_Data listing_
·····

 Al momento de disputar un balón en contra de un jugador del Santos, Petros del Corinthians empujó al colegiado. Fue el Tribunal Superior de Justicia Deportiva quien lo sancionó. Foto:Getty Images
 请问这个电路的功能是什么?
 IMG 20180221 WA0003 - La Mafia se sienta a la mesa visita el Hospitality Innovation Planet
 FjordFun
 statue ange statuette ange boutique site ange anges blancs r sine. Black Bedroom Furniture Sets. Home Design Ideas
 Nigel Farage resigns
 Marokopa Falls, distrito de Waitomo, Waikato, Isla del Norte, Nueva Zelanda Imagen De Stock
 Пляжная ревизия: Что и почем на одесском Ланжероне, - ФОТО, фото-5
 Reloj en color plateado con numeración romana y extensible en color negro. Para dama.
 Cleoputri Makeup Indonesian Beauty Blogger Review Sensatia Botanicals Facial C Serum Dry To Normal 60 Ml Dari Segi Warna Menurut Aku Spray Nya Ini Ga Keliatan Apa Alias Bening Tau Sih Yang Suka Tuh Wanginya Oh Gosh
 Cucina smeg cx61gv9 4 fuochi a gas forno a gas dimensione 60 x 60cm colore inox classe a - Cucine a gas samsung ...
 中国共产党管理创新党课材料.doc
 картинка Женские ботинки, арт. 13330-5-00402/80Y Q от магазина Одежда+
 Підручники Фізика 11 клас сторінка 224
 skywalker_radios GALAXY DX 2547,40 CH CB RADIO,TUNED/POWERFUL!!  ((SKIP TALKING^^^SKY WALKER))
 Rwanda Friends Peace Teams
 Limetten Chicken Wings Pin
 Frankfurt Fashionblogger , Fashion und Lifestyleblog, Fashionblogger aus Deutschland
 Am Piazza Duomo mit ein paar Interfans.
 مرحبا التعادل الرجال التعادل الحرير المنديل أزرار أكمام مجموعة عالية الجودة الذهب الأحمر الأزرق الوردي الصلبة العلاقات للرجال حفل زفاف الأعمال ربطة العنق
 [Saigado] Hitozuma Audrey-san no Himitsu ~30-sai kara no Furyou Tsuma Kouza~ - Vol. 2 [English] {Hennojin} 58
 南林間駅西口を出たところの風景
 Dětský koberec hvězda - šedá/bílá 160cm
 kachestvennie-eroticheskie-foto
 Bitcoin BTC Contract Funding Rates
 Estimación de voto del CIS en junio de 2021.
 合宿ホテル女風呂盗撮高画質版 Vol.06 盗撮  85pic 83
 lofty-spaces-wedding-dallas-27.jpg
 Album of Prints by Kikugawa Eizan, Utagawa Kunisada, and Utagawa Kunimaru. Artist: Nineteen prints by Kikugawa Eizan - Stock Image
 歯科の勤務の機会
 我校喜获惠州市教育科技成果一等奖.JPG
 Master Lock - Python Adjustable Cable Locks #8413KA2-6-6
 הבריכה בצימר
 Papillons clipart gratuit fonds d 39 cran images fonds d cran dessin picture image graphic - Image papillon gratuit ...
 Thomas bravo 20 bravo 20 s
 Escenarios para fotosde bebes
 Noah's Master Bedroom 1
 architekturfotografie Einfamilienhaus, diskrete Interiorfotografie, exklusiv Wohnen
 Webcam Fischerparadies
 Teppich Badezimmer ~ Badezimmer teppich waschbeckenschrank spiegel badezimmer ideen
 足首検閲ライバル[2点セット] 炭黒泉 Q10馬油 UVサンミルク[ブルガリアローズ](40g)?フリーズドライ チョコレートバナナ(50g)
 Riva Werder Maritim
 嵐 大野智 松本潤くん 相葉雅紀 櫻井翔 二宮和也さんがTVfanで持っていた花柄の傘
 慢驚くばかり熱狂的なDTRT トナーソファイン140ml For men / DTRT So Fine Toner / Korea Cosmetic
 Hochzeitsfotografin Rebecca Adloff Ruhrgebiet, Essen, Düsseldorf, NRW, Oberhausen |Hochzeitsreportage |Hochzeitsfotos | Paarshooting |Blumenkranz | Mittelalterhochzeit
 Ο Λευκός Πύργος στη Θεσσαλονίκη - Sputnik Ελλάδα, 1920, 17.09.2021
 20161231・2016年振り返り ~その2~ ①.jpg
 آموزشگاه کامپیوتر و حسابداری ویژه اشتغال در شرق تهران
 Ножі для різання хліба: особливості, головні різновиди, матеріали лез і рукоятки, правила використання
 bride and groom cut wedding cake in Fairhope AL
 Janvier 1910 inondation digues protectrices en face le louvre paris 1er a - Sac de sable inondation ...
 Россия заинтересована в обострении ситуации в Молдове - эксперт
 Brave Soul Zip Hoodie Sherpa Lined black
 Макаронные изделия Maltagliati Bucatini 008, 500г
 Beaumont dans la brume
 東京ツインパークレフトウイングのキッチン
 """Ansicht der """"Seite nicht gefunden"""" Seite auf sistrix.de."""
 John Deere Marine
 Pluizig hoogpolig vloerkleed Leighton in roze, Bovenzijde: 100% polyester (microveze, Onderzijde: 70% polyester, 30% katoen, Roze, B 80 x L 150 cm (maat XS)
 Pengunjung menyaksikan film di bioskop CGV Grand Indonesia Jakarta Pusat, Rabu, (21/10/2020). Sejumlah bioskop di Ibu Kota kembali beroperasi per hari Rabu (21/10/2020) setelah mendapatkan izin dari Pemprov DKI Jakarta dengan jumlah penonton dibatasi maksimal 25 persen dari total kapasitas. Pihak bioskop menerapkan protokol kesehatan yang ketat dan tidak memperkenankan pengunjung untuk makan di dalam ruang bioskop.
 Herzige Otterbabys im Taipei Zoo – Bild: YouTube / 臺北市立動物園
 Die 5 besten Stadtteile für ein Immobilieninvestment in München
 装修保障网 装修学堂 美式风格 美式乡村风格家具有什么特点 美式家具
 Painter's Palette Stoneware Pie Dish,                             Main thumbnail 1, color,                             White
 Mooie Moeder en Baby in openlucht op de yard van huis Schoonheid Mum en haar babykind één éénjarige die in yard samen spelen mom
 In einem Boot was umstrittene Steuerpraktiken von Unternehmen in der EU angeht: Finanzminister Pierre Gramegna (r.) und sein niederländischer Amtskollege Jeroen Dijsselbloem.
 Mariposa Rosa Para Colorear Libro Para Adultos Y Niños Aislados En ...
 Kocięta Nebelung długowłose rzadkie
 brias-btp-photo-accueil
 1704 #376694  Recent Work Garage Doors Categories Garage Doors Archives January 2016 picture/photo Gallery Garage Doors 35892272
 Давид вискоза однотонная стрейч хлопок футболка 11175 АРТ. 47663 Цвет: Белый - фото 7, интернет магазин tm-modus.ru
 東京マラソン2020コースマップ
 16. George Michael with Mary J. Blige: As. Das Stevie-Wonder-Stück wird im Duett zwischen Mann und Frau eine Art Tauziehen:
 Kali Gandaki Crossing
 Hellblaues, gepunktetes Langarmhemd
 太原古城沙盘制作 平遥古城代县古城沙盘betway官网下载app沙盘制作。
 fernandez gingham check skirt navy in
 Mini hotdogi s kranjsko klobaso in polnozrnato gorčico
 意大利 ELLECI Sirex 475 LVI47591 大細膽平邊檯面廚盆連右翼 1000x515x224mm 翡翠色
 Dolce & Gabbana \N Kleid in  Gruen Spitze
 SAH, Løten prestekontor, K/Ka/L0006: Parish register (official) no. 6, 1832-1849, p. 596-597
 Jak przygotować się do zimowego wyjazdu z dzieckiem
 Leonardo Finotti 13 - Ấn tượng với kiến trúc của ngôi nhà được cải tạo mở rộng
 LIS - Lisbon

·····

_Task directions_
Output every record above a second time, exactly.

_Exercise answer_
 Al momento de disputar un balón en contra de un jugador del Santos, Petros del Corinthians empujó al colegiado. Fue el Tribunal Superior de Justicia Deportiva quien lo sancionó. Foto:Getty Images
 请问这个电路的功能是什么?
 IMG 20180221 WA0003 - La Mafia se sienta a la mesa visita el Hospitality Innovation Planet
 FjordFun
 statue ange statuette ange boutique site ange anges blancs r sine. Black Bedroom Furniture Sets. Home Design Ideas
 Nigel Farage resigns
 Marokopa Falls, distrito de Waitomo, Waikato, Isla del Norte, Nueva Zelanda Imagen De Stock
 Пляжная ревизия: Что и почем на одесском Ланжероне, - ФОТО, фото-5
 Reloj en color plateado con numeración romana y extensible en color negro. Para dama.
 Cleoputri Makeup Indonesian Beauty Blogger Review Sensatia Botanicals Facial C Serum Dry To Normal 60 Ml Dari Segi Warna Menurut Aku Spray Nya Ini Ga Keliatan Apa Alias Bening Tau Sih Yang Suka Tuh Wanginya Oh Gosh
 Cucina smeg cx61gv9 4 fuochi a gas forno a gas dimensione 60 x 60cm colore inox classe a - Cucine a gas samsung ...
 中国共产党管理创新党课材料.doc
 картинка Женские ботинки, арт. 13330-5-00402/80Y Q от магазина Одежда+
 Підручники Фізика 11 клас сторінка 224
 skywalker_radios GALAXY DX 2547,40 CH CB RADIO,TUNED/POWERFUL!!  ((SKIP TALKING^^^SKY WALKER))
 Rwanda Friends Peace Teams
 Limetten Chicken Wings Pin
 Frankfurt Fashionblogger , Fashion und Lifestyleblog, Fashionblogger aus Deutschland
 Am Piazza Duomo mit ein paar Interfans.
 مرحبا التعادل الرجال التعادل الحرير المنديل أزرار أكمام مجموعة عالية الجودة الذهب الأحمر الأزرق الوردي الصلبة العلاقات للرجال حفل زفاف الأعمال ربطة العنق
 [Saigado] Hitozuma Audrey-san no Himitsu ~30-sai kara no Furyou Tsuma Kouza~ - Vol. 2 [English] {Hennojin} 58
 南林間駅西口を出たところの風景
 Dětský koberec hvězda - šedá/bílá 160cm
 kachestvennie-eroticheskie-foto
 Bitcoin BTC Contract Funding Rates
 Estimación de voto del CIS en junio de 2021.
 合宿ホテル女風呂盗撮高画質版 Vol.06 盗撮  85pic 83
 lofty-spaces-wedding-dallas-27.jpg
 Album of Prints by Kikugawa Eizan, Utagawa Kunisada, and Utagawa Kunimaru. Artist: Nineteen prints by Kikugawa Eizan - Stock Image
 歯科の勤務の機会
 我校喜获惠州市教育科技成果一等奖.JPG
 Master Lock - Python Adjustable Cable Locks #8413KA2-6-6
 הבריכה בצימר
 Papillons clipart gratuit fonds d 39 cran images fonds d cran dessin picture image graphic - Image papillon gratuit ...
 Thomas bravo 20 bravo 20 s
 Escenarios para fotosde bebes
 Noah's Master Bedroom 1
 architekturfotografie Einfamilienhaus, diskrete Interiorfotografie, exklusiv Wohnen
 Webcam Fischerparadies
 Teppich Badezimmer ~ Badezimmer teppich waschbeckenschrank spiegel badezimmer ideen
 足首検閲ライバル[2点セット] 炭黒泉 Q10馬油 UVサンミルク[ブルガリアローズ](40g)?フリーズドライ チョコレートバナナ(50g)
 Riva Werder Maritim
 嵐 大野智 松本潤くん 相葉雅紀 櫻井翔 二宮和也さんがTVfanで持っていた花柄の傘
 慢驚くばかり熱狂的なDTRT トナーソファイン140ml For men / DTRT So Fine Toner / Korea Cosmetic
 Hochzeitsfotografin Rebecca Adloff Ruhrgebiet, Essen, Düsseldorf, NRW, Oberhausen |Hochzeitsreportage |Hochzeitsfotos | Paarshooting |Blumenkranz | Mittelalterhochzeit
 Ο Λευκός Πύργος στη Θεσσαλονίκη - Sputnik Ελλάδα, 1920, 17.09.2021
 20161231・2016年振り返り ~その2~ ①.jpg
 آموزشگاه کامپیوتر و حسابداری ویژه اشتغال در شرق تهران
 Ножі для різання хліба: особливості, головні різновиди, матеріали лез і рукоятки, правила використання
 bride and groom cut wedding cake in Fairhope AL
 Janvier 1910 inondation digues protectrices en face le louvre paris 1er a - Sac de sable inondation ...
 Россия заинтересована в обострении ситуации в Молдове - эксперт
 Brave Soul Zip Hoodie Sherpa Lined black
 Макаронные изделия Maltagliati Bucatini 008, 500г
 Beaumont dans la brume
 東京ツインパークレフトウイングのキッチン
 """Ansicht der """"Seite nicht gefunden"""" Seite auf sistrix.de."""
 John Deere Marine
 Pluizig hoogpolig vloerkleed Leighton in roze, Bovenzijde: 100% polyester (microveze, Onderzijde: 70% polyester, 30% katoen, Roze, B 80 x L 150 cm (maat XS)
 Pengunjung menyaksikan film di bioskop CGV Grand Indonesia Jakarta Pusat, Rabu, (21/10/2020). Sejumlah bioskop di Ibu Kota kembali beroperasi per hari Rabu (21/10/2020) setelah mendapatkan izin dari Pemprov DKI Jakarta dengan jumlah penonton dibatasi maksimal 25 persen dari total kapasitas. Pihak bioskop menerapkan protokol kesehatan yang ketat dan tidak memperkenankan pengunjung untuk makan di dalam ruang bioskop.
 Herzige Otterbabys im Taipei Zoo – Bild: YouTube / 臺北市立動物園
 Die 5 besten Stadtteile für ein Immobilieninvestment in München
 装修保障网 装修学堂 美式风格 美式乡村风格家具有什么特点 美式家具
 Painter's Palette Stoneware Pie Dish,                             Main thumbnail 1, color,                             White
 Mooie Moeder en Baby in openlucht op de yard van huis Schoonheid Mum en haar babykind één éénjarige die in yard samen spelen mom
 In einem Boot was umstrittene Steuerpraktiken von Unternehmen in der EU angeht: Finanzminister Pierre Gramegna (r.) und sein niederländischer Amtskollege Jeroen Dijsselbloem.
 Mariposa Rosa Para Colorear Libro Para Adultos Y Niños Aislados En ...
 Kocięta Nebelung długowłose rzadkie
 brias-btp-photo-accueil
 1704 #376694  Recent Work Garage Doors Categories Garage Doors Archives January 2016 picture/photo Gallery Garage Doors 35892272
 Давид вискоза однотонная стрейч хлопок футболка 11175 АРТ. 47663 Цвет: Белый - фото 7, интернет магазин tm-modus.ru
 東京マラソン2020コースマップ
 16. George Michael with Mary J. Blige: As. Das Stevie-Wonder-Stück wird im Duett zwischen Mann und Frau eine Art Tauziehen:
 Kali Gandaki Crossing
 Hellblaues, gepunktetes Langarmhemd
 太原古城沙盘制作 平遥古城代县古城沙盘betway官网下载app沙盘制作。
 fernandez gingham check skirt navy in
 Mini hotdogi s kranjsko klobaso in polnozrnato gorčico
 意大利 ELLECI Sirex 475 LVI47591 大細膽平邊檯面廚盆連右翼 1000x515x224mm 翡翠色
 Dolce & Gabbana \N Kleid in  Gruen Spitze
 SAH, Løten prestekontor, K/Ka/L0006: Parish register (official) no. 6, 1832-1849, p. 596-597
 Jak przygotować się do zimowego wyjazdu z dzieckiem
 Leonardo Finotti 13 - Ấn tượng với kiến trúc của ngôi nhà được cải tạo mở rộng
 LIS - Lisbon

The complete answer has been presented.